Well, I'm not completely sure. mmap()ed memory always works on page-by-page
basis - you first access the page, it gets faulted in and you can further
access it. So for small (sub page size) accesses this is a win because you
don't have an overhead of syscall and fs write path. For accesses larger
than page size the overhead of syscall and some initial checks is well
hidden by other things. I guess write() ends up being more efficient
because write path taken for each page is somewhat lighter than full page
fault. But you'd need to look into perf data to get some hard numbers on
where the time is spent.

Honza

Honza
--
Jan Kara <ja...@suse.cz>
SUSE Labs, CR

Andiry Xu

unread,

Nov 5, 2013, 8:30:02 PM11/5/13

to

Hi,

Thanks for the reply. However I have filled up the whole RAM disk
before doing the test, i.e. asked the brd driver to allocate all the
pages initially. Moreover I have done the test on PMFS, a file system
for persistent memory, and the result is the same. PMFS reserves some
physical memory during system boot and then use it to emulate the
persistent memory device, so there shouldn't be any page fault. I
think there should be some other reason.

I will try to look into the perf data and see what happens. Thanks for
the advice.

Thanks,
Andiry

Jan Kara

unread,

Nov 7, 2013, 12:10:01 AM11/7/13

to

Well, pages in ramdisk are always present, that's not an issue. But you
will get a page fault to map a particular physical page in process'
virtual address space when you first access that virtual address in the
mapping from the process. The cost of setting up this virtual->physical
mapping is what I'm talking about.

If you had a process which first mmaps the file and writes to all pages in
the mapping and *then* measure the cost of another round of writing to the
mapping, I would expect you should see speeds close to those of memory bus.

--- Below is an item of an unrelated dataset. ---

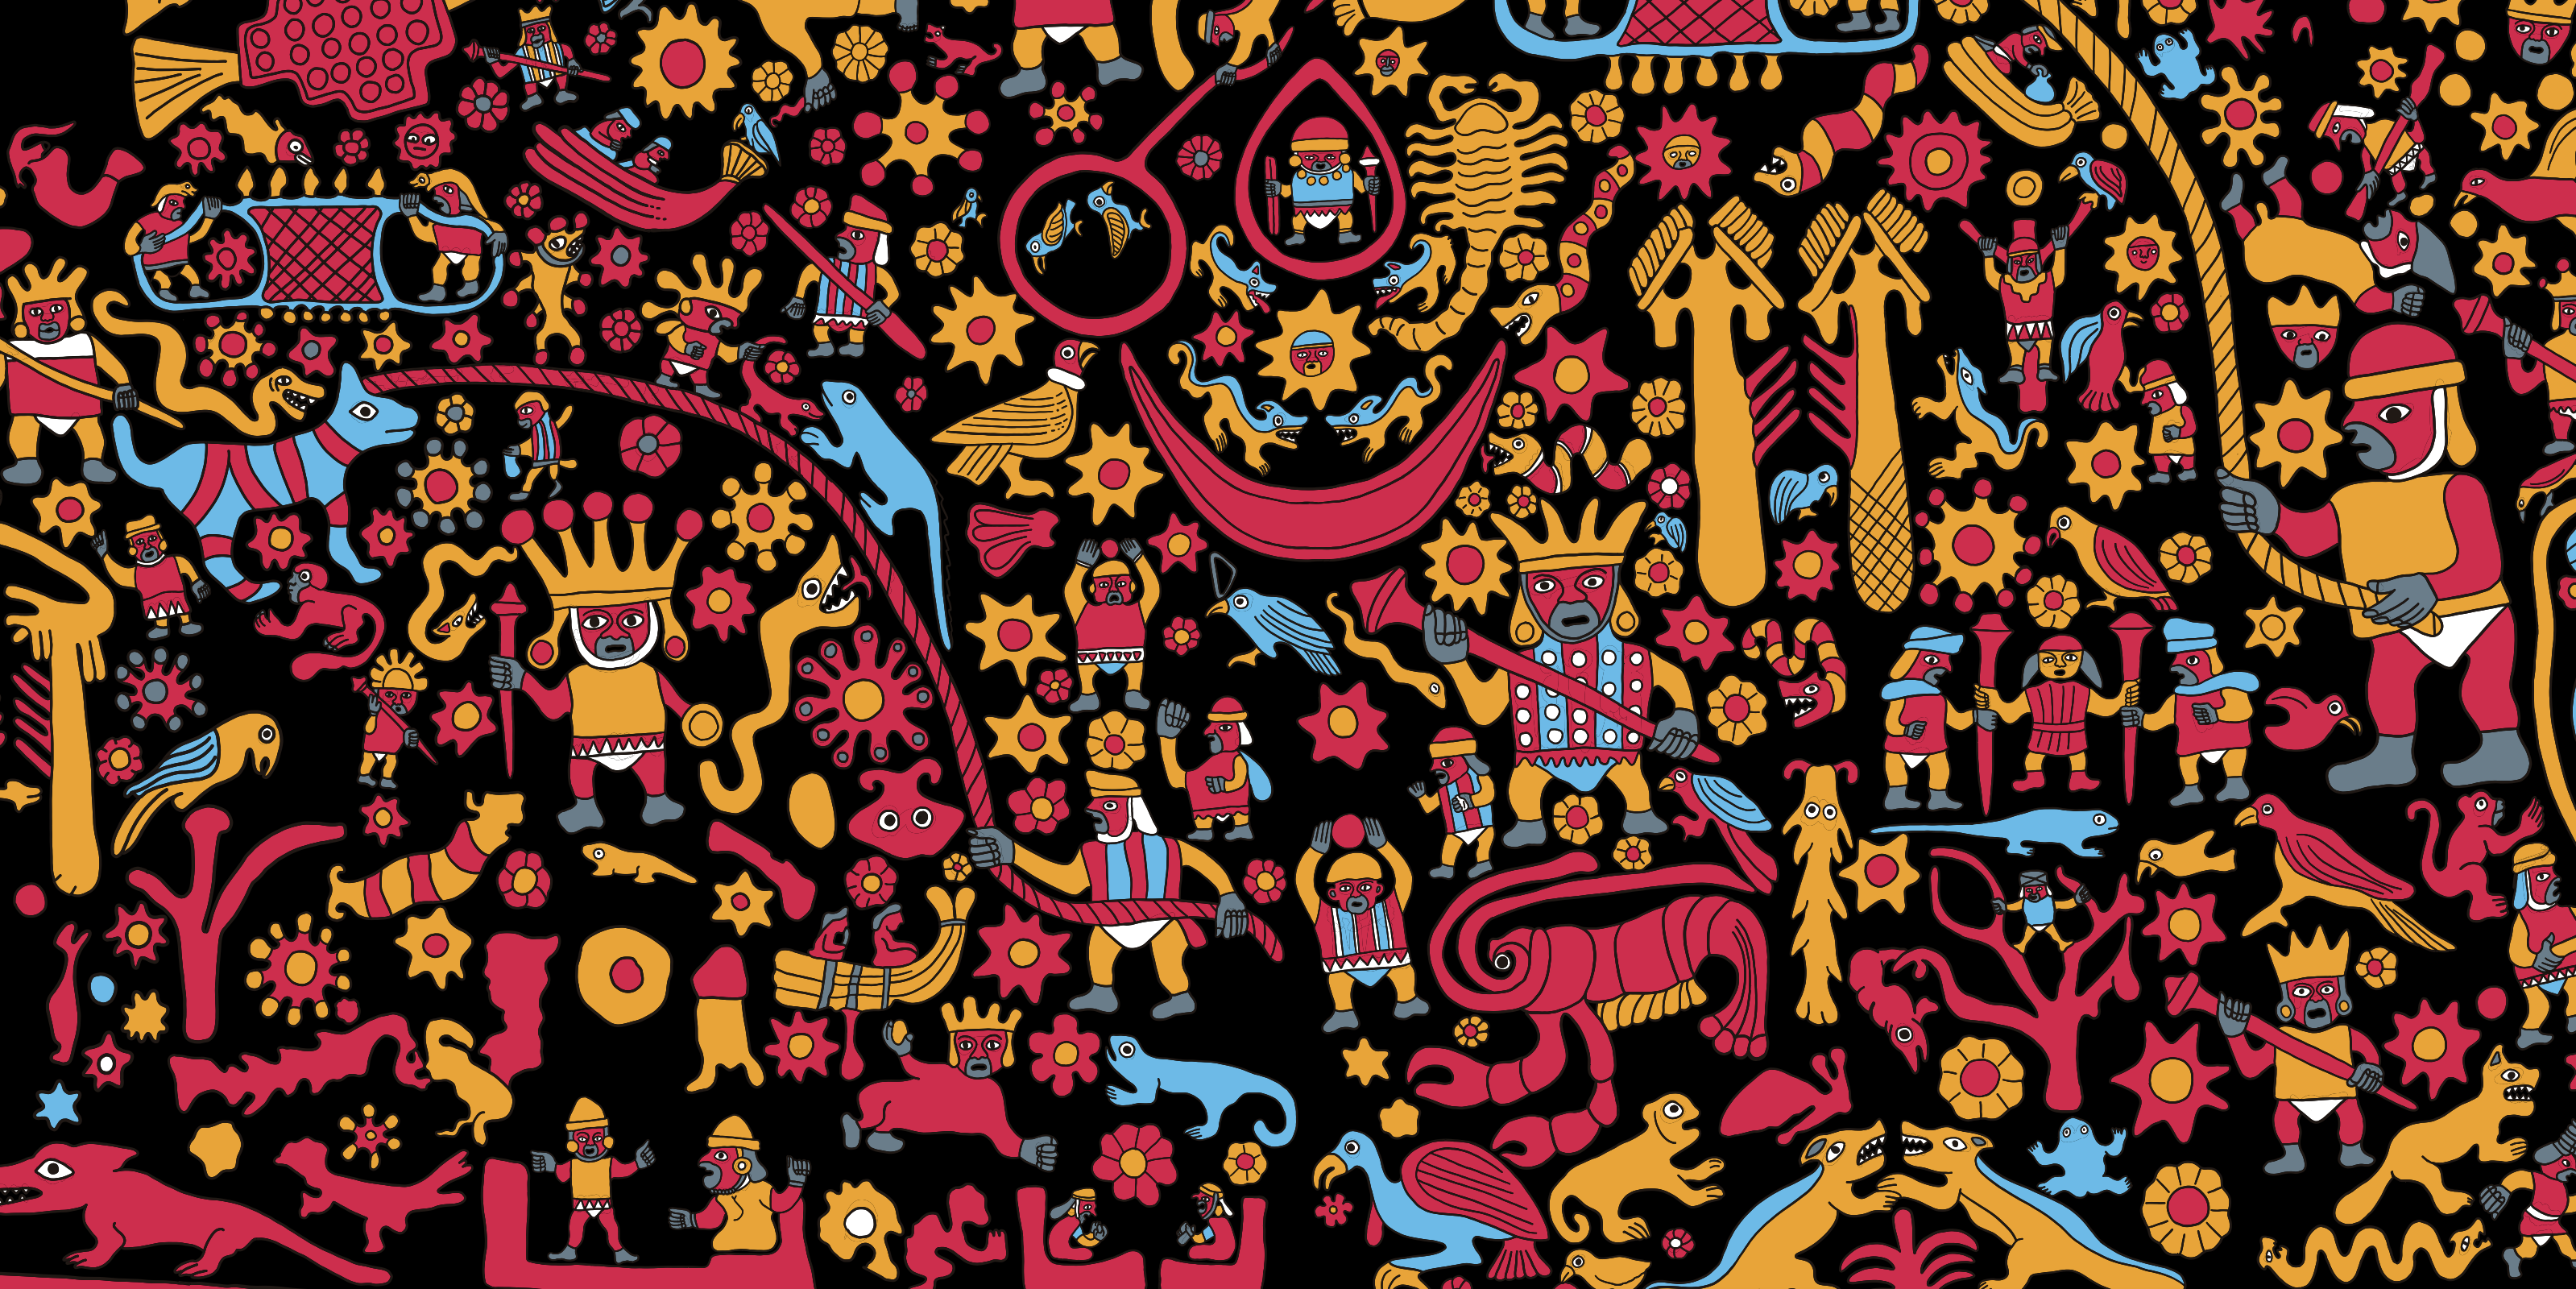 La fiesta de las imágenes en los Andes. Arte mural en la pirámide Huaca de la Luna, cultura Moche, costa centro norte del Perú. Reproducción gráfica del original. Ilustración, Álvaro Arteaga.

> Moreover I have done the test on PMFS, a file system
> for persistent memory, and the result is the same. PMFS reserves some
> physical memory during system boot and then use it to emulate the
> persistent memory device, so there shouldn't be any page fault.

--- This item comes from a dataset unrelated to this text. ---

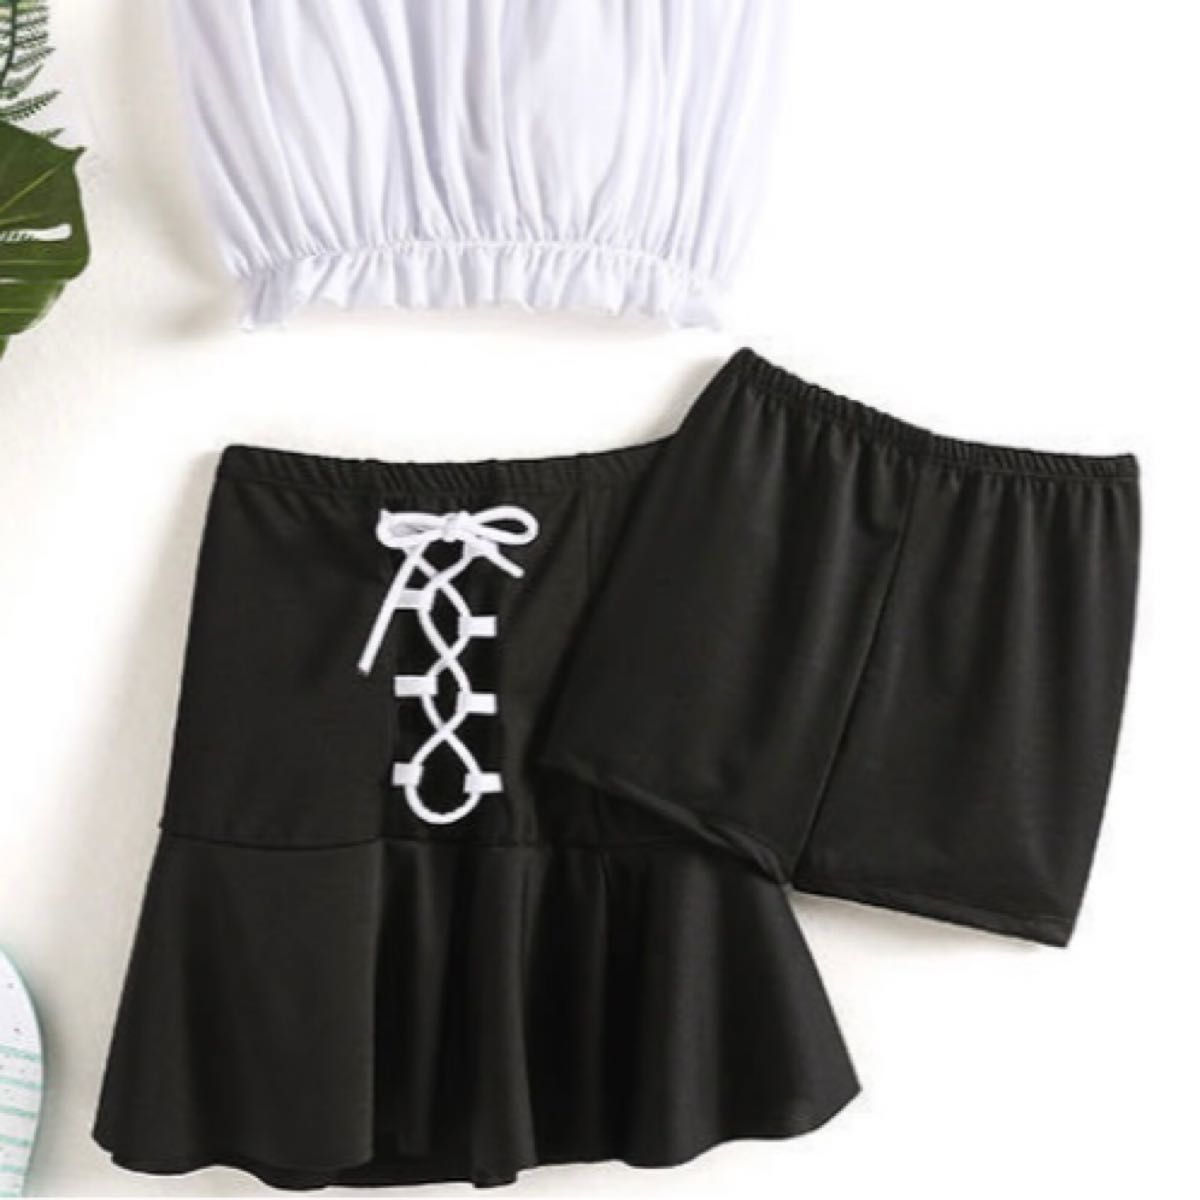 レディース タンキニ 水着 3点セット ビキニ 体型カバー フリル ビスチェ 韓国 スカート パンツ 可愛い プール M 白黒

Again I don't think page faults would be avoided here.

Honza
--
Jan Kara <ja...@suse.cz>
SUSE Labs, CR

Andiry Xu

unread,

Nov 7, 2013, 3:20:02 PM11/7/13

to

Yes, you are right, there are page faults observed with perf. I
misunderstood page fault as copying pages between backing store and
physical memory.

> If you had a process which first mmaps the file and writes to all pages in
> the mapping and *then* measure the cost of another round of writing to the
> mapping, I would expect you should see speeds close to those of memory bus.
>

I've tried this as well. mmap() performance improves but still not as
good as write().
I used the perf report to compare write() and mmap() applications. For
write() version, top of perf report shows as:
33.33% __copy_user_nocache
4.72% ext2_get_blocks
4.42% mutex_unlock
3.59% __find_get_block

which looks reasonable.

However, for mmap() version, the perf report looks strange:
94.98% libc-2.15.so [.] 0x000000000014698d
2.25% page_fault
0.18% handle_mm_fault

I don't know what the first item is but it took the majority of cycles.

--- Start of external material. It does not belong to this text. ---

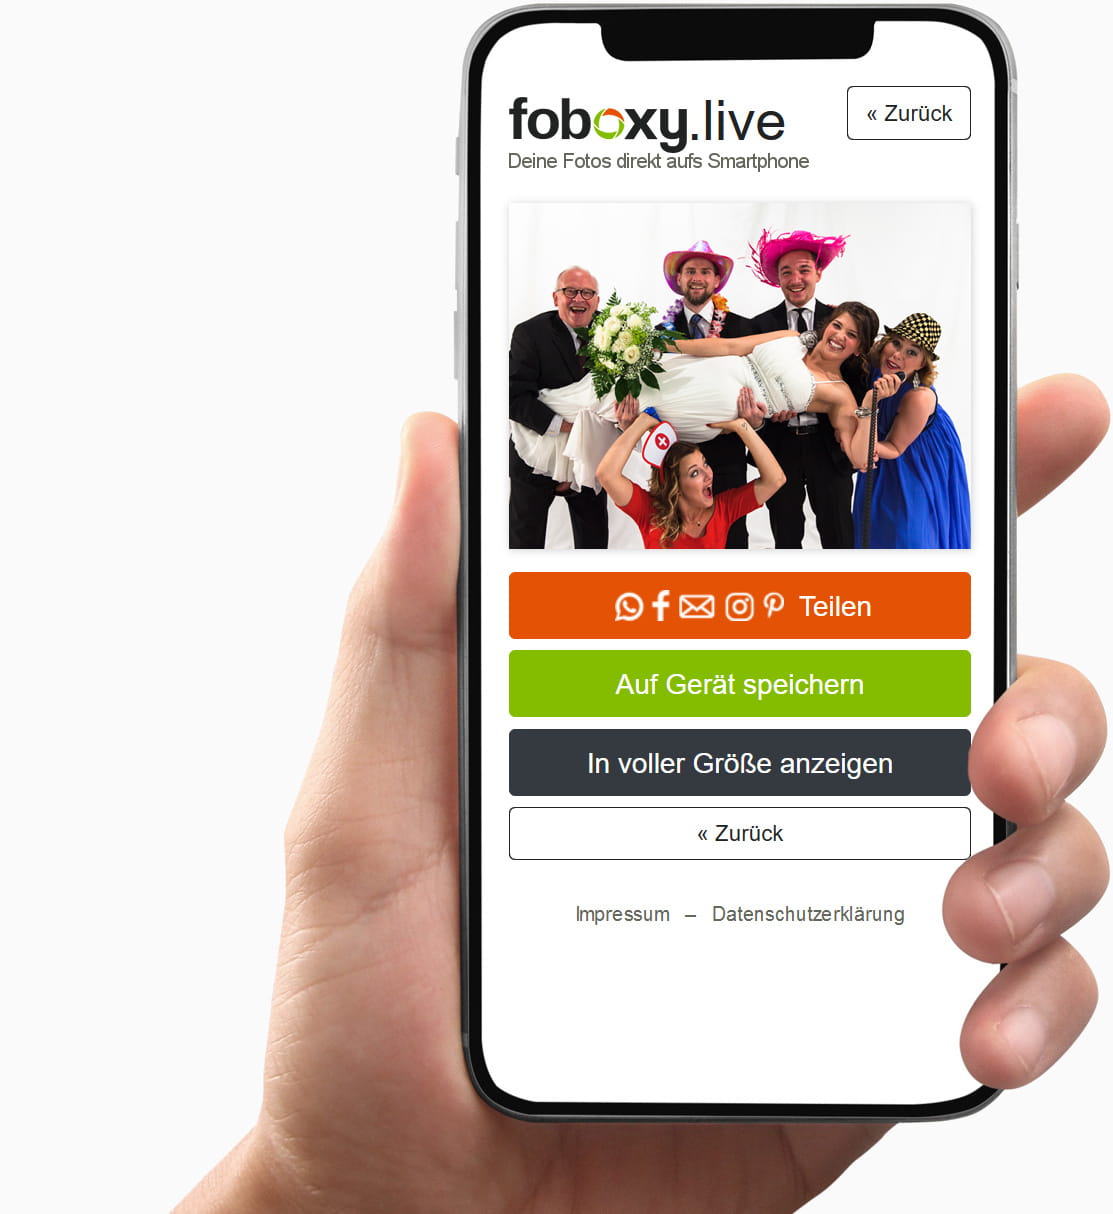 foboxy.live Ansicht auf dem Smartphone

>> Moreover I have done the test on PMFS, a file system
>> for persistent memory, and the result is the same. PMFS reserves some
>> physical memory during system boot and then use it to emulate the
>> persistent memory device, so there shouldn't be any page fault.
> Again I don't think page faults would be avoided here.
>

Yes, page faults cannot be avoided in this case as well.

Thanks,
Andiry

Jan Kara

unread,

Nov 7, 2013, 4:10:02 PM11/7/13

to

The first item means that it's some userspace code in libc. My guess
would be that it's libc's memcpy() function (or whatever you use to write
to mmap). How do you access the mmap?

Honza
--
Jan Kara <ja...@suse.cz>
SUSE Labs, CR

Andiry Xu

unread,

Nov 7, 2013, 5:00:01 PM11/7/13

to

Like this:

fd = open(file_name, O_CREAT | O_RDWR | O_DIRECT, 0755);
dest = (char *)mmap(NULL, FILE_SIZE, PROT_WRITE, MAP_SHARED, fd, 0);
for (i = 0; i < count; i++)
{
memcpy(dest, src, request_size);
dest += request_size;
}

Thanks,
Andiry

Jan Kara

unread,

Nov 7, 2013, 5:30:02 PM11/7/13

to

OK, maybe libc memcpy isn't very well optimized for you cpu? Not sure how
to tune that though...

Honza
--
Jan Kara <ja...@suse.cz>
SUSE Labs, CR

Andiry Xu

unread,

Nov 7, 2013, 5:50:01 PM11/7/13

to

Hmm, I will try some different kinds of memcpy to see if there is a
difference. Just want to make sure I do not make some stupid mistakes
before trying that.
Thanks a lot for your help!

Thanks,
Andiry

Andiry Xu

unread,

Nov 8, 2013, 7:30:01 PM11/8/13

to

Your advice does makes difference. I use a optimized version of memcpy
and it does improve the mmap application performance: on a Ramdisk
with Ext2 xip, mmap() version now achieves 11GB/s of bandwidth,
comparing to posix write version with 7GB/s.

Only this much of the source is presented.